In the kitchen, where her father sat unconscious of another emptied bottle of liquor, she found the tin for warming milk, the last of the dried bread, and a heel of cheese.
Back in the room, she grabbed a small purse with the coins she had kept hidden in the blue crock behind the pantry wall, hoarded penny by penny against a need. Finally, she took the packet she wrapped again in oilskin and tucked it deep among the things.
Then she went back into the kitchen.
“Pa,” she said. “Pa… wake up.”
After a few shakes, the man looked up slowly with red-rimmed eyes. “Mm?” he managed.
“I need the horse and wagon made ready by morning,” she said. “For Harrow. At first light.”
He stared another moment, as if her words had to cross a long stretch of water to reach him. Elara kept looking at him until he fell asleep again.
“Forget it,” she murmured. By morning he would either still be sleeping over the table or sunk into that leaden stupor that came after drinking, and she would be left to pull sense from the wreckage of his intentions as she always had.
She went out to the shed before dusk and checked the harness herself.
One strap needed stitching. She fetched the awl and worked by lamplight.
The wagon wheel seemed sound enough, though the left rim had warped some from damp.
The horse, old Bess, lifted her head and snorted softly when Elara came near.
Elara rubbed the mare’s neck and looked at the shafts and the narrow track of road leading south through the trees.
“A wagon would be slower,” she thought out loud. “Slower and louder… Easier to follow, too. And with Hugh in charge of preparing it, a fantasy besides.”
By the time she walked back to the house, she had already abandoned the idea.
“I’ll just go on foot,” she decided, and entered the house.
Inside, Elara lit another lamp. She cooked a meal for Hugh because otherwise he wouldn’t eat. He took the plate without thanks; she didn’t have time to see whether he touched it.
In the back room, the child woke hungry.
Elara gathered him into her arms and warmed what milk she could contrive for him.

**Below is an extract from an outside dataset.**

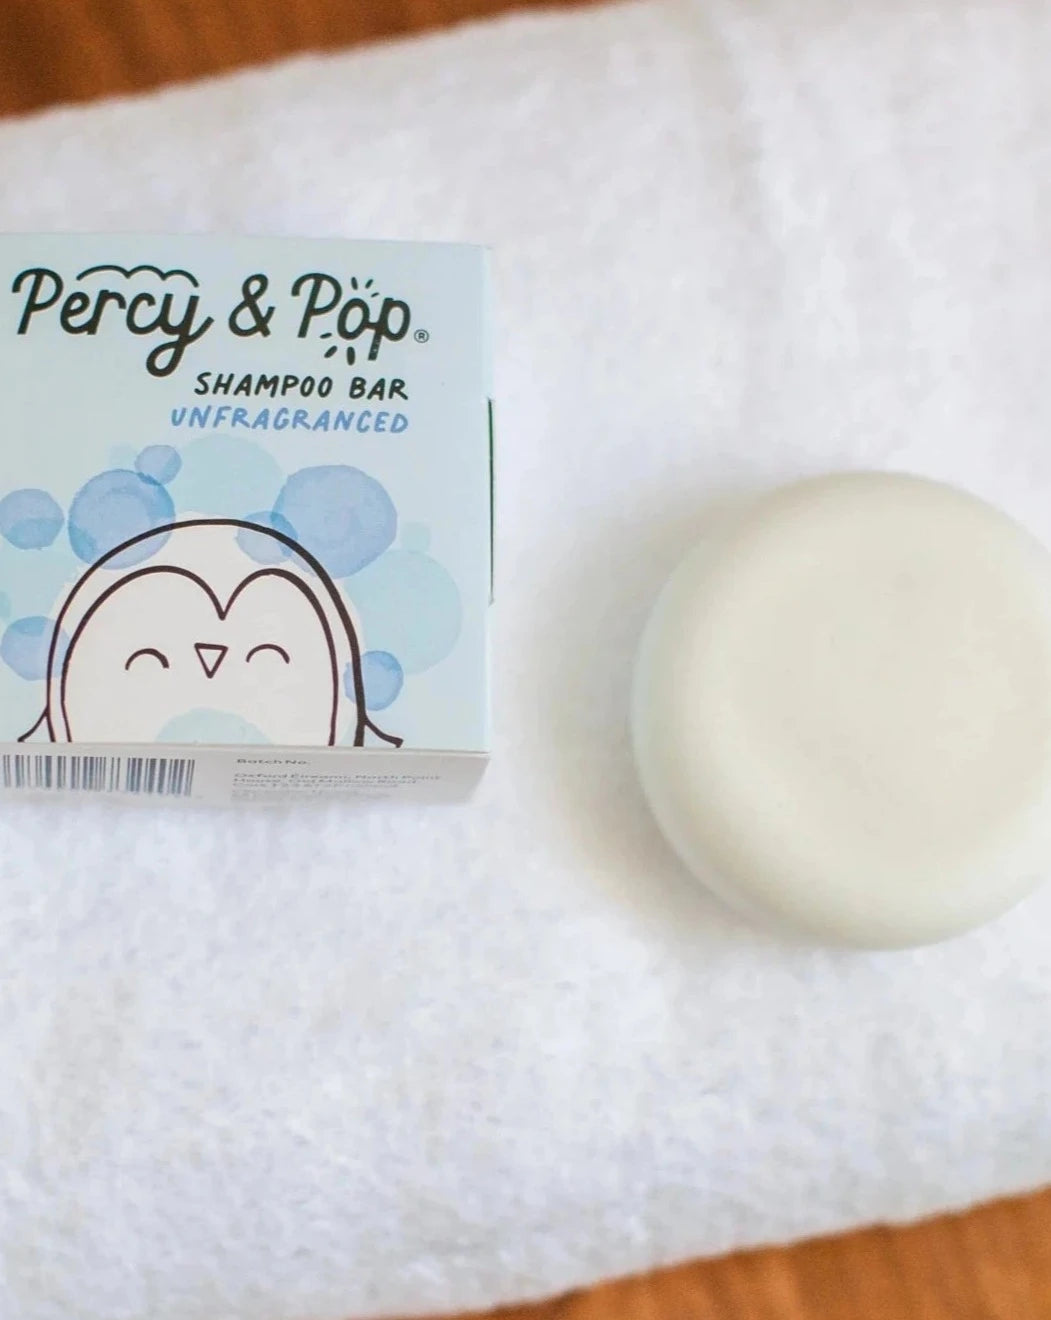 Unfragranced Shampoo Bar | Percy & Pop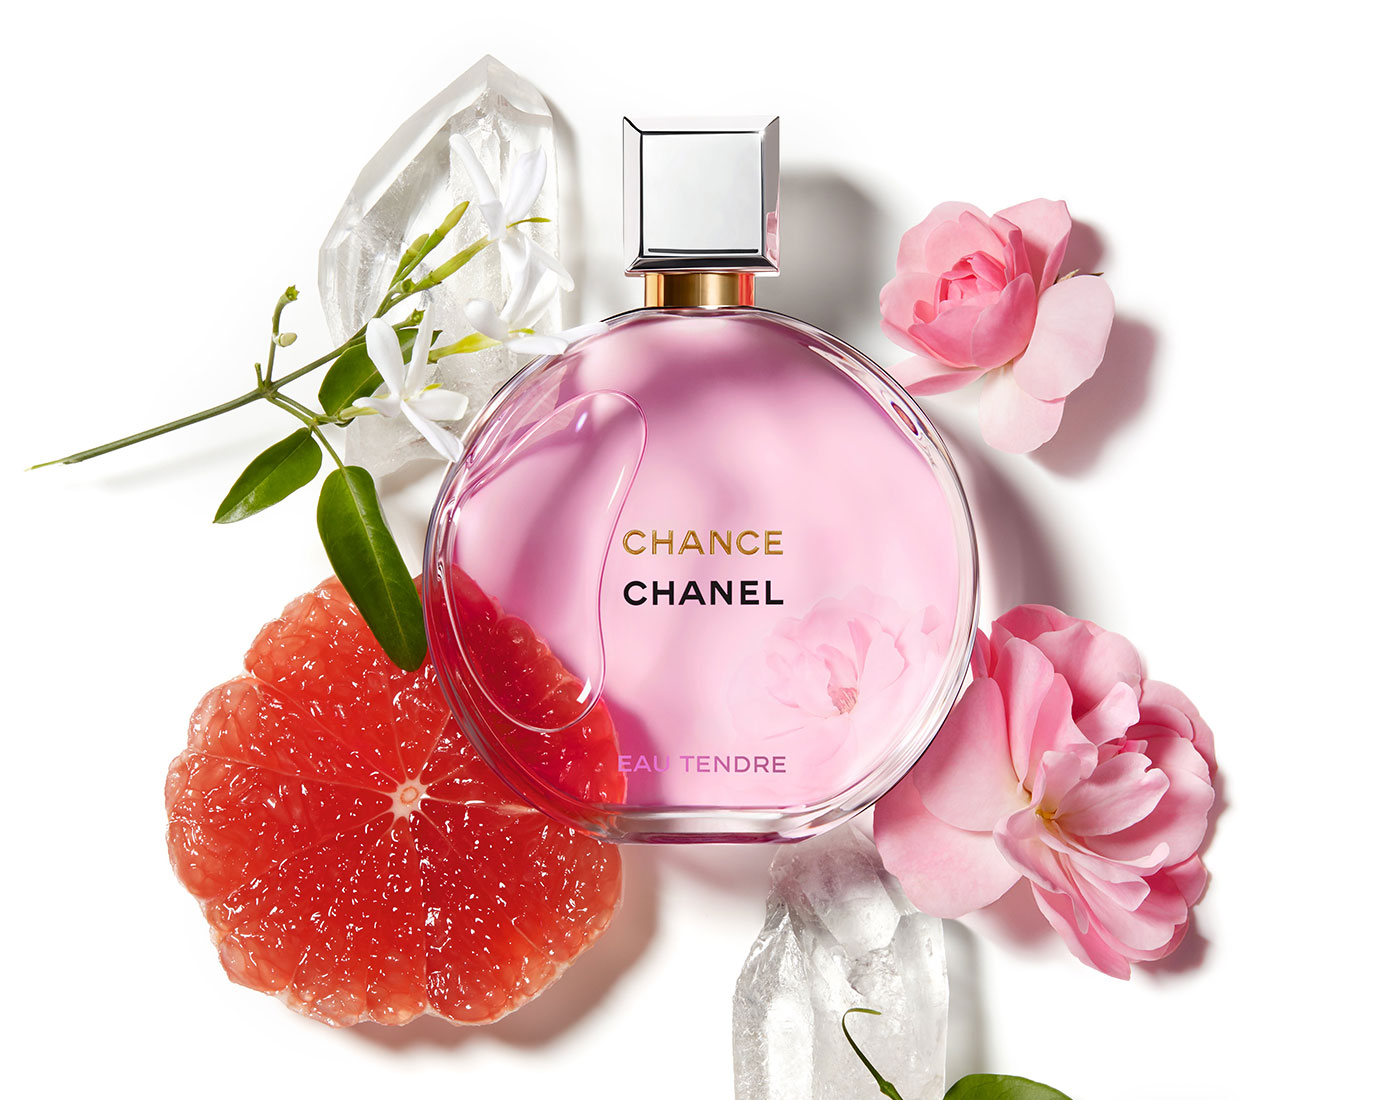 Olfactorum: Chance Eau Tendre Eau de Parfum - Chanel 2019 : tendres

He fussed until she drew him close, and then quieted all at once, as though her hold had been what he was seeking from the first. A moment later his little hand fastened in the front of her dress with surprising force.
Elara looked down at him while he ate and felt that strange tightening in her chest again, sudden and unwelcome. That’s no affection... It’s just something I ought to do. This child needs me, and I ought to help him.
As though in answer, his grip slackened, then tightened again, clumsy and insistent.
At some point, while being fed, he stopped eating and made a small, satisfied sound and turned his face into her, pressing his cheek against the hollow of her collar as if he meant to express his gratitude, then turned back toward the tin. Elara stilled.
“You’re a charming little thing aren’t you,” she murmured, softer than she intended. “You don’t mean to let go, do you?”